Theory of spike initiation, sensory systems, autonomous behavior, epistemology
Editor Romain Brette
A Minimal Model of Metabolism-Based Chemotaxis (2010)
Matthew D. Egbert, Xabier E. Barandiaran, Ezequiel A. Di Paolo
DOI: 10.1371/journal.pcbi.1001004 PubMed: 21170312
The authors present a minimal model of an autonomous biological agent. Most sensorimotor models are stimulus-response models, and so there is no coupling between the goals of the agent and the function of the sensorimotor system. Here they investigate numerically a very simple model of bacterial chemotaxis, which has a run-and-tumble behavior. The tumbling rate is modulated by the product M of a simple metabolic reaction, which is essentially the transformation from a resource A to that product (they consider a slightly more complex autocatalytic reaction). When the resource is metabolized, the tumbling rate increases and so the bacterium tends to remain in place (in other words, this is a random walk with diffusion coefficient inversely proportional to the metabolic product). This results in chemotaxis, although there are no sensory receptors, because the bacterium slows down in places where it feeds.

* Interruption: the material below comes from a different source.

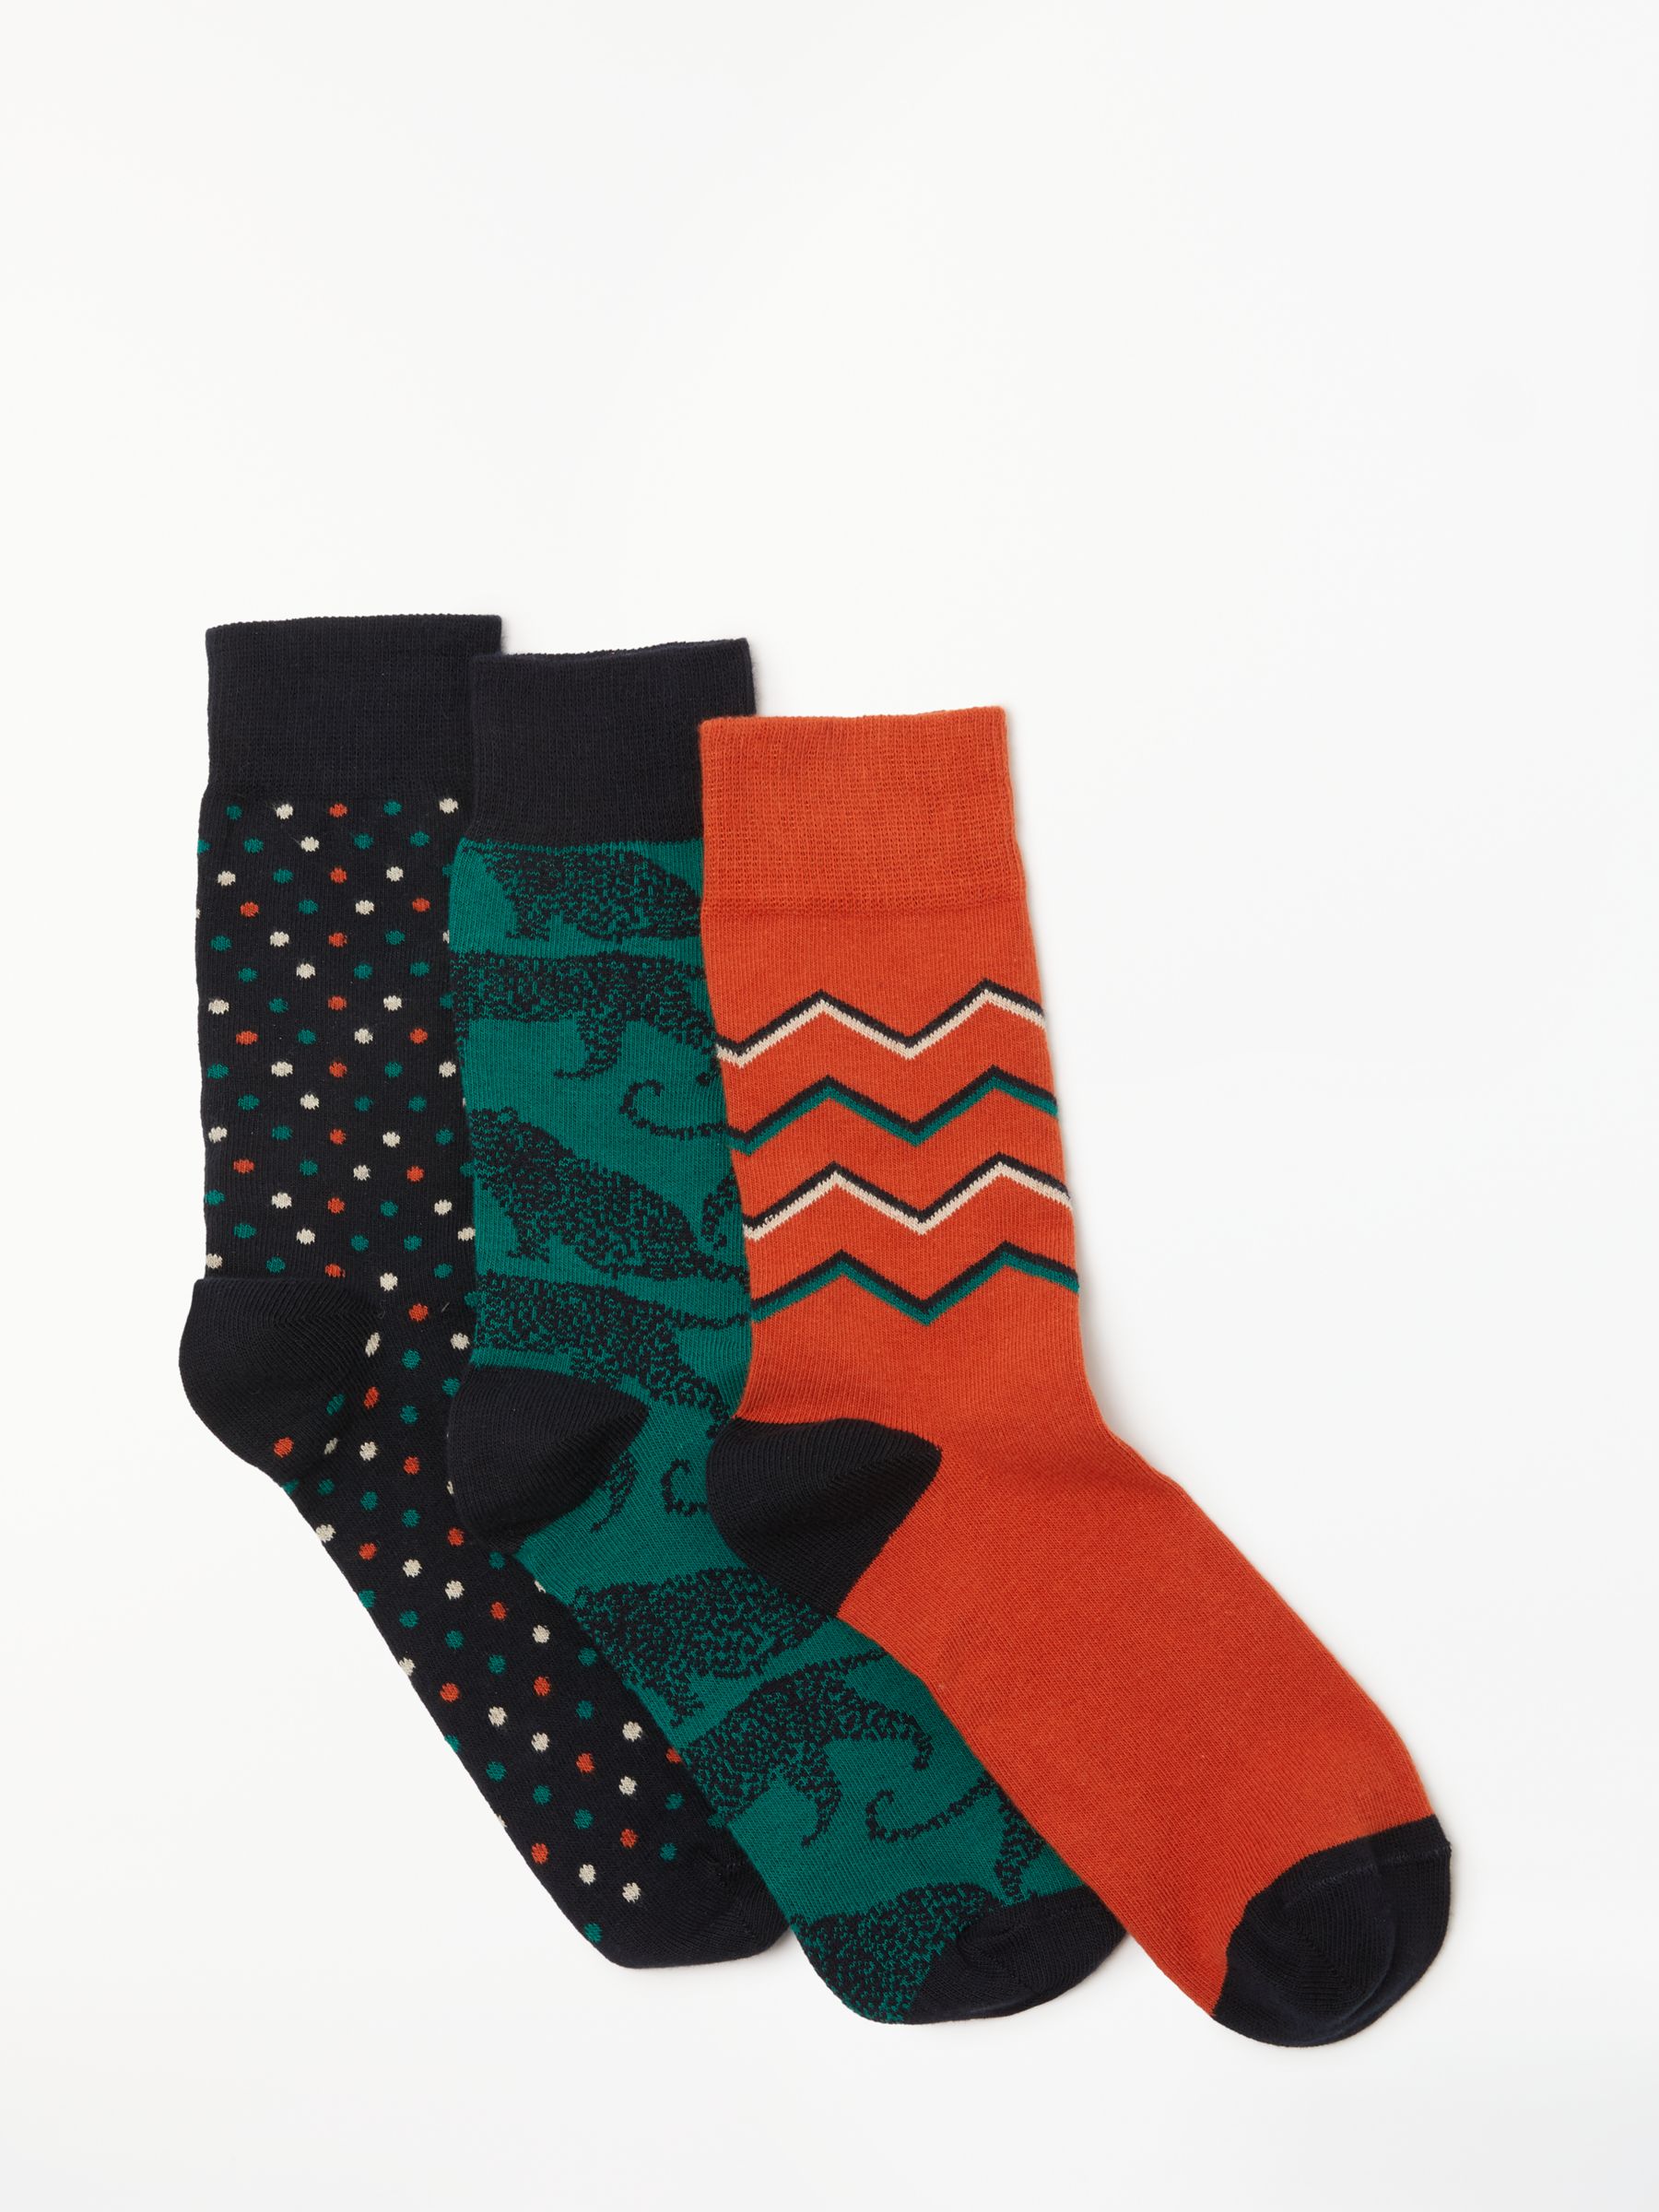 John Lewis & Partners Leopard Pattern Socks, Pack of 3, Orange/Black/Green

This becomes especially interesting when variations are introduced. If the bacterium can also metabolize another product B into the same metabolic product M, then it also performs chemotaxis to that product, but the interactions between A and B becomes quite complex. If for example there is a homogeneous distribution of B in the environment, then chemotaxis to A is inhibited. This makes sense because the bacterium can just eat B and stay in place. If we think in terms of stimulus-response behavior, we can see that this is a complex nonlinear interaction between the two pathways (A->response and B->response) that appears to be goal-directed, and it does not involve explicit arbitration between the two signals (as in eg Bayesian multisensory integration).
Similarly, a compound that interferes with the metabolism (eg by reacting with A) becomes automatically a repellent. The authors also show that meaningful history-dependent effects can be introduced (e.g. if the metabolic reaction depends on two compounds, then chemotaxis to the first compound depends on whether the bacterium has previously encountered the second). I quote: “the behavioral significance of chemical compounds becomes a relational property that depends on the metabolic dynamics of the cell”, and the authors point out the “integrative role of metabolism”. I found this study original and insightful.